*INSTRUCTIONS TO FOLLOW:* Please restate each entry that follows word for word.

*TASK INPUT:*

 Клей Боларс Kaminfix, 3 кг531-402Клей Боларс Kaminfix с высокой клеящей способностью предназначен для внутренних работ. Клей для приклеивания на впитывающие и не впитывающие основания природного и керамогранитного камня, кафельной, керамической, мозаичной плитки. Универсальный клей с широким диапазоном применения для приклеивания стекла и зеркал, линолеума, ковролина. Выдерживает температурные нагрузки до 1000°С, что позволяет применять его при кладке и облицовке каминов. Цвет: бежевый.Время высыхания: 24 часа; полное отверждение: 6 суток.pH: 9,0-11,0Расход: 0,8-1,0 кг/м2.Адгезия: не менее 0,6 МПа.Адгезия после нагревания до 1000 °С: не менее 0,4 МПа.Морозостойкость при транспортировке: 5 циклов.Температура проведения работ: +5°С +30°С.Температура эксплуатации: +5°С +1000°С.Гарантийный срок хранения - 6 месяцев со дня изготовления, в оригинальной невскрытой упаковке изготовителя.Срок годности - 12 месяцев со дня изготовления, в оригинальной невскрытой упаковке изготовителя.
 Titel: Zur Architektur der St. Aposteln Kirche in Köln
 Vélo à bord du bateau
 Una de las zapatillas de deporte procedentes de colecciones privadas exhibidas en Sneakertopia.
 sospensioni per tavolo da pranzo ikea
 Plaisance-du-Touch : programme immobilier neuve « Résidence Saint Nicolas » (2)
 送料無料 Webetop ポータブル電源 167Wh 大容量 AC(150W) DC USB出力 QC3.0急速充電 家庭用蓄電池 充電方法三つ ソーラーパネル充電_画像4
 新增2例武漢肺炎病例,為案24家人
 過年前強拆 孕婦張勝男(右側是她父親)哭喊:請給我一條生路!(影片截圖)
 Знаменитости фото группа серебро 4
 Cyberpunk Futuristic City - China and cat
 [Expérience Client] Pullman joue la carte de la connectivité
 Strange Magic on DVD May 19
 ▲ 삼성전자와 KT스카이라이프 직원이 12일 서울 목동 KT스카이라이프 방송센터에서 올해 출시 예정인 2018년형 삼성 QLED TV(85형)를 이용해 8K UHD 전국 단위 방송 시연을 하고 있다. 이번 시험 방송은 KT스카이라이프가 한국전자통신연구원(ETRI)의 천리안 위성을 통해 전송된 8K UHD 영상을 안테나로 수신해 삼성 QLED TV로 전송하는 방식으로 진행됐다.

*OUTPUT OF THE TASK:*
 Клей Боларс Kaminfix, 3 кг531-402Клей Боларс Kaminfix с высокой клеящей способностью предназначен для внутренних работ. Клей для приклеивания на впитывающие и не впитывающие основания природного и керамогранитного камня, кафельной, керамической, мозаичной плитки. Универсальный клей с широким диапазоном применения для приклеивания стекла и зеркал, линолеума, ковролина. Выдерживает температурные нагрузки до 1000°С, что позволяет применять его при кладке и облицовке каминов. Цвет: бежевый.Время высыхания: 24 часа; полное отверждение: 6 суток.pH: 9,0-11,0Расход: 0,8-1,0 кг/м2.Адгезия: не менее 0,6 МПа.Адгезия после нагревания до 1000 °С: не менее 0,4 МПа.Морозостойкость при транспортировке: 5 циклов.Температура проведения работ: +5°С +30°С.Температура эксплуатации: +5°С +1000°С.Гарантийный срок хранения - 6 месяцев со дня изготовления, в оригинальной невскрытой упаковке изготовителя.Срок годности - 12 месяцев со дня изготовления, в оригинальной невскрытой упаковке изготовителя.
 Titel: Zur Architektur der St. Aposteln Kirche in Köln
 Vélo à bord du bateau
 Una de las zapatillas de deporte procedentes de colecciones privadas exhibidas en Sneakertopia.
 sospensioni per tavolo da pranzo ikea
 Plaisance-du-Touch : programme immobilier neuve « Résidence Saint Nicolas » (2)
 送料無料 Webetop ポータブル電源 167Wh 大容量 AC(150W) DC USB出力 QC3.0急速充電 家庭用蓄電池 充電方法三つ ソーラーパネル充電_画像4
 新增2例武漢肺炎病例,為案24家人
 過年前強拆 孕婦張勝男(右側是她父親)哭喊:請給我一條生路!(影片截圖)
 Знаменитости фото группа серебро 4
 Cyberpunk Futuristic City - China and cat
 [Expérience Client] Pullman joue la carte de la connectivité
 Strange Magic on DVD May 19
 ▲ 삼성전자와 KT스카이라이프 직원이 12일 서울 목동 KT스카이라이프 방송센터에서 올해 출시 예정인 2018년형 삼성 QLED TV(85형)를 이용해 8K UHD 전국 단위 방송 시연을 하고 있다. 이번 시험 방송은 KT스카이라이프가 한국전자통신연구원(ETRI)의 천리안 위성을 통해 전송된 8K UHD 영상을 안테나로 수신해 삼성 QLED TV로 전송하는 방식으로 진행됐다.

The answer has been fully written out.